The expression of a mutated form of p53, a tumor suppressor gene, is found commonly in VAS and indicates a poorer prognosis.

==Precautionary measures==
Vaccination protocols have been revised to advice vaccination only as often necessary and as infrequently as possible. The feline leukemia virus (FeLV) should only be given to kittens and high risk cats; cats who already have FeLV antibodies or are already infected should not be given the vaccine. Feline rhinotracheitis/panleukopenia/calicivirus vaccines should be given as kittens, a year later and then every three years. Long-acting versions of drugs are also associated with sarcoma formation, so it would be wise to generally avoid unnecessary IM or SC injections: use oral, intranasal, or intravenous if possible.

Injections in cats should be given in areas that make complete surgical removal of VAS easier. Acceptable sites include the distal limbs and the tail, and as distally (close to the paw/away from the rest of the body) as possible. The Vaccination Guidelines Group (VGG) of the World Small Animal Veterinary Association suggests that if these sites are too hard to access, the loose skin over the lateral abdomen (primordial pouch) could be used. This part of skin is easier to cut out than others, though the AAFP level of removal would not be possible. Because any subcutaneous tumor would be easier to find and remove than one in the middle of muscle, SC should be used if an IM or SC has to be done.

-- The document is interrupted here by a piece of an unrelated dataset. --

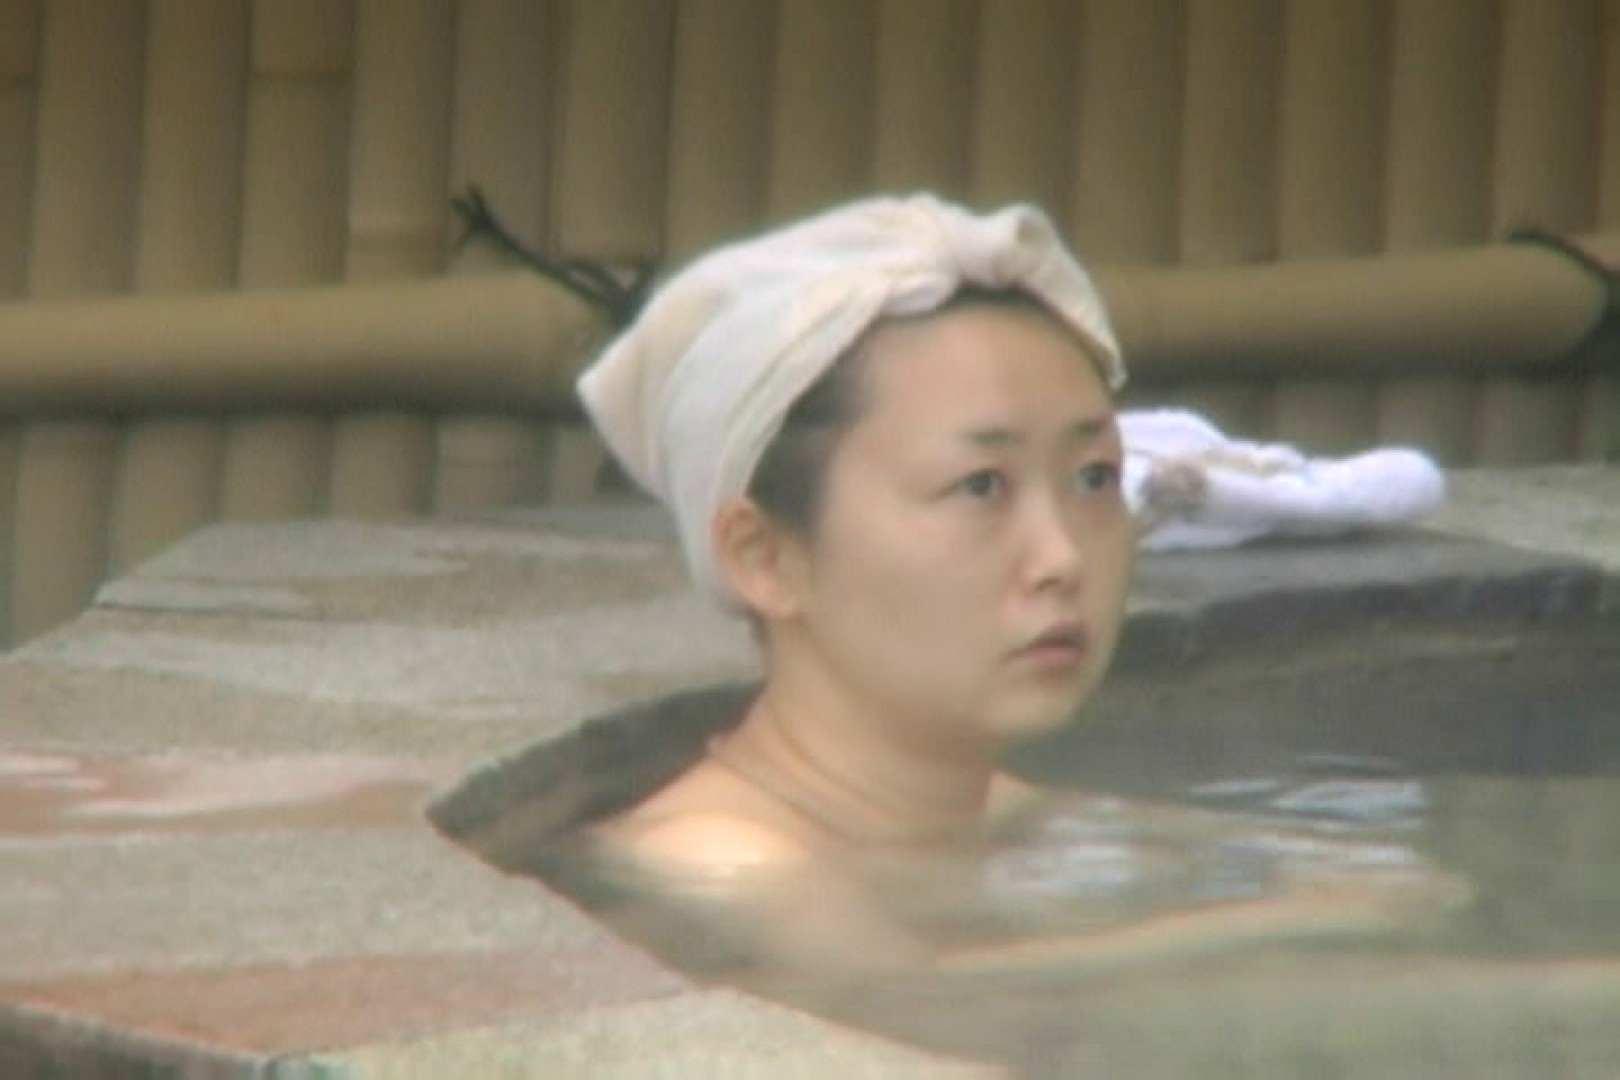 Aquaな露天風呂Vol.564 美しいOLの裸体  100pic 30

Any cat that has received an injection should have the injection site checked regularly, per the "3-2-1" rule. If at 3 months after injection there is a mass larger than 2 cm in diameter, or if there is a lump increasing in size 1 month after vaccination, the mass should be biopsied. In general, any mass in the skin of a cat should be checked.

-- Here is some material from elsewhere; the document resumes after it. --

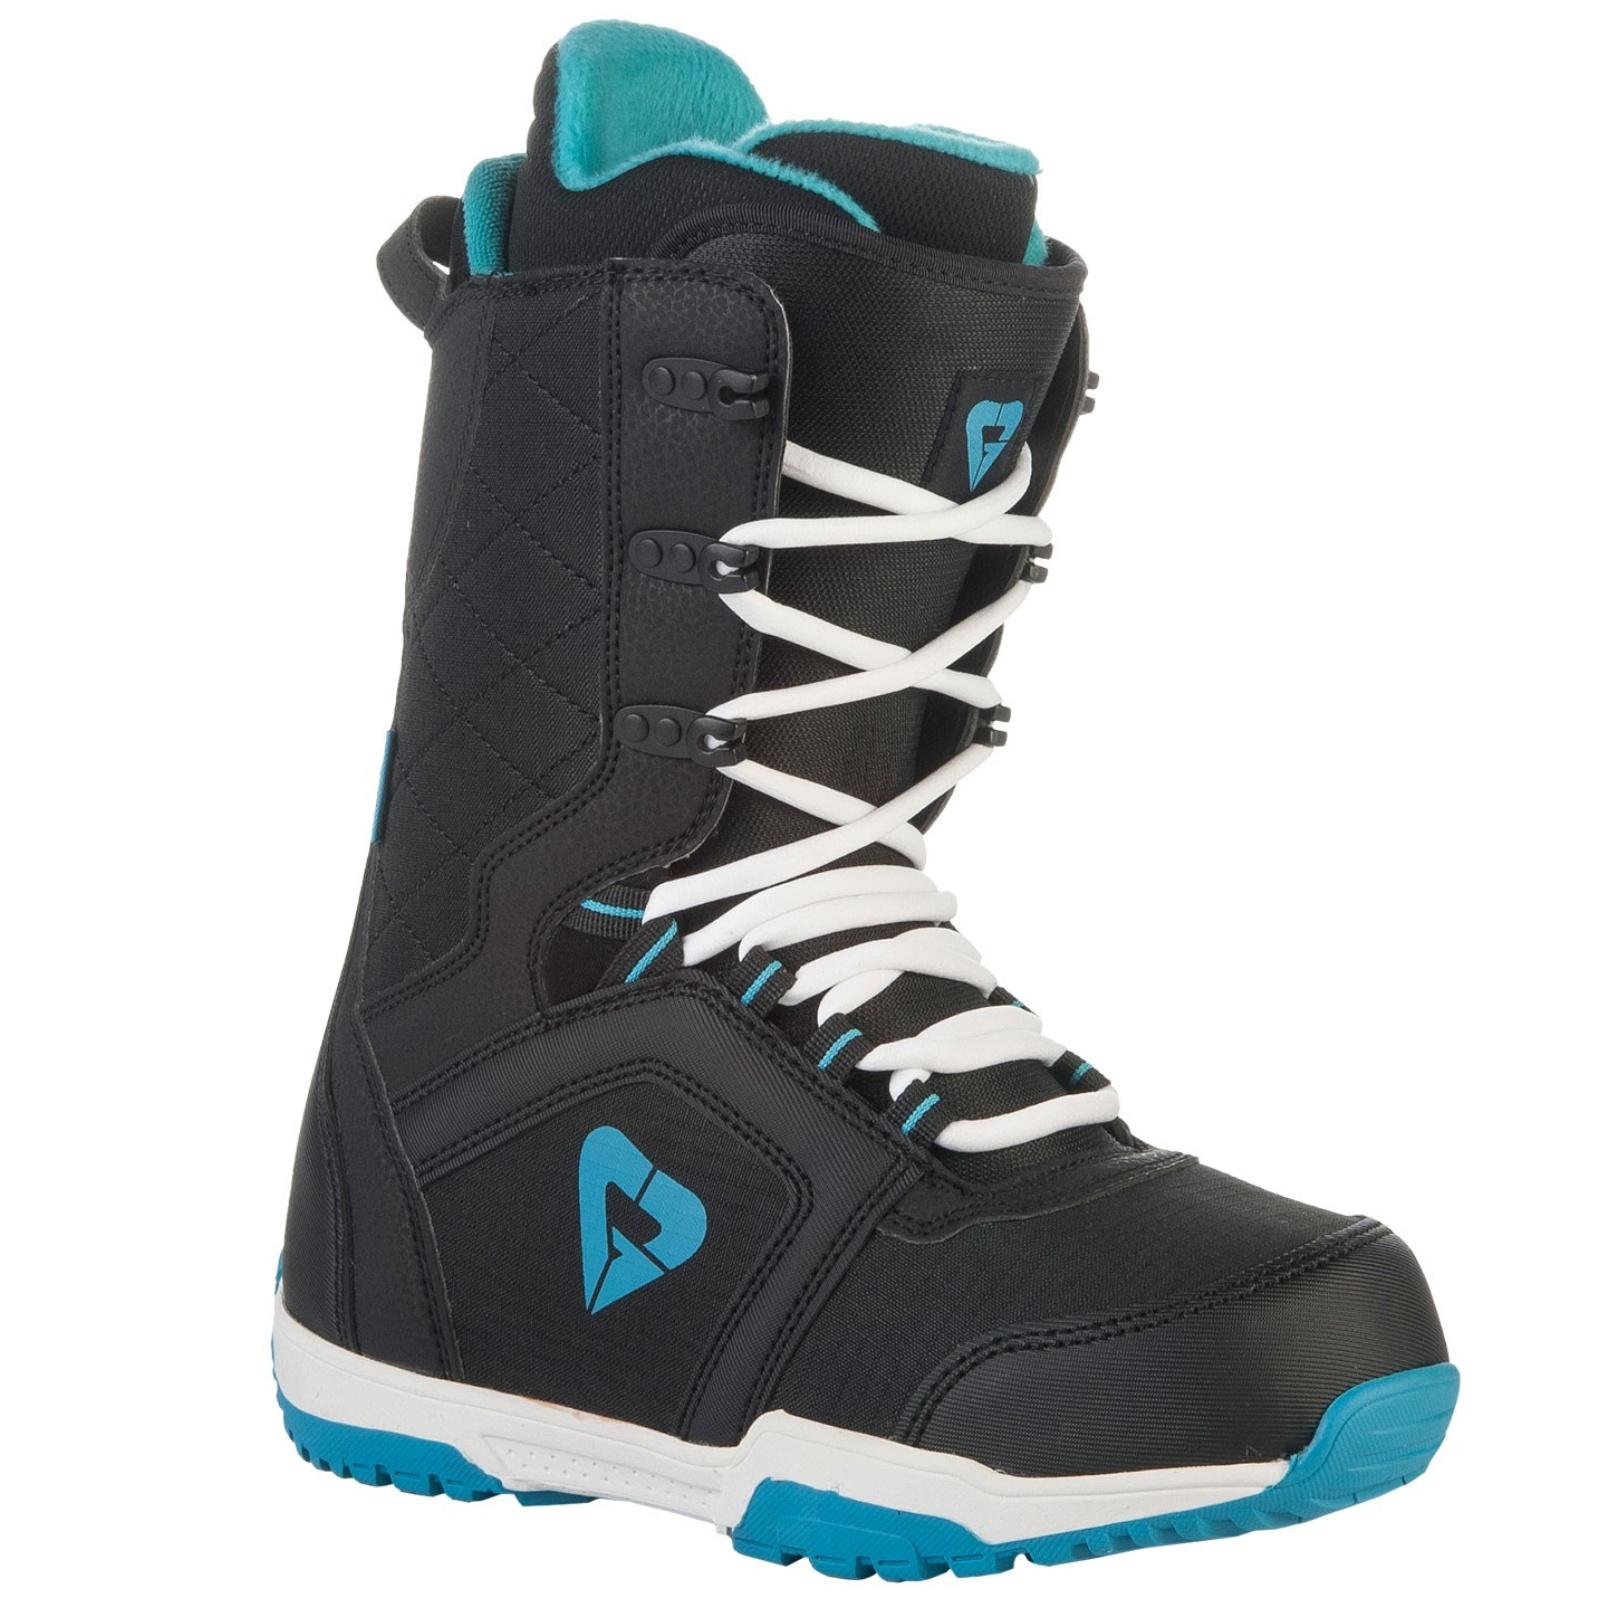 Boty na snowboard GRAVITY Aura - černé - vel. 38

There have been no specific associations between the development of VAS and vaccine brand or manufacturer, concurrent infections, history of trauma, or environment. No specific vaccine or adjuvant has been incriminated. However, the type of vaccine seems to have a meaningful association. Traditional inactivated vaccines need to use an immunologic adjuvant to induce enough immune response for effectiveness, but this local inflammation could also be a precursor to VAS if it does not subside quickly enough. The modified-live and recombinant vaccines cam produce enough of a response by themselves so most are made non-adjuvanted.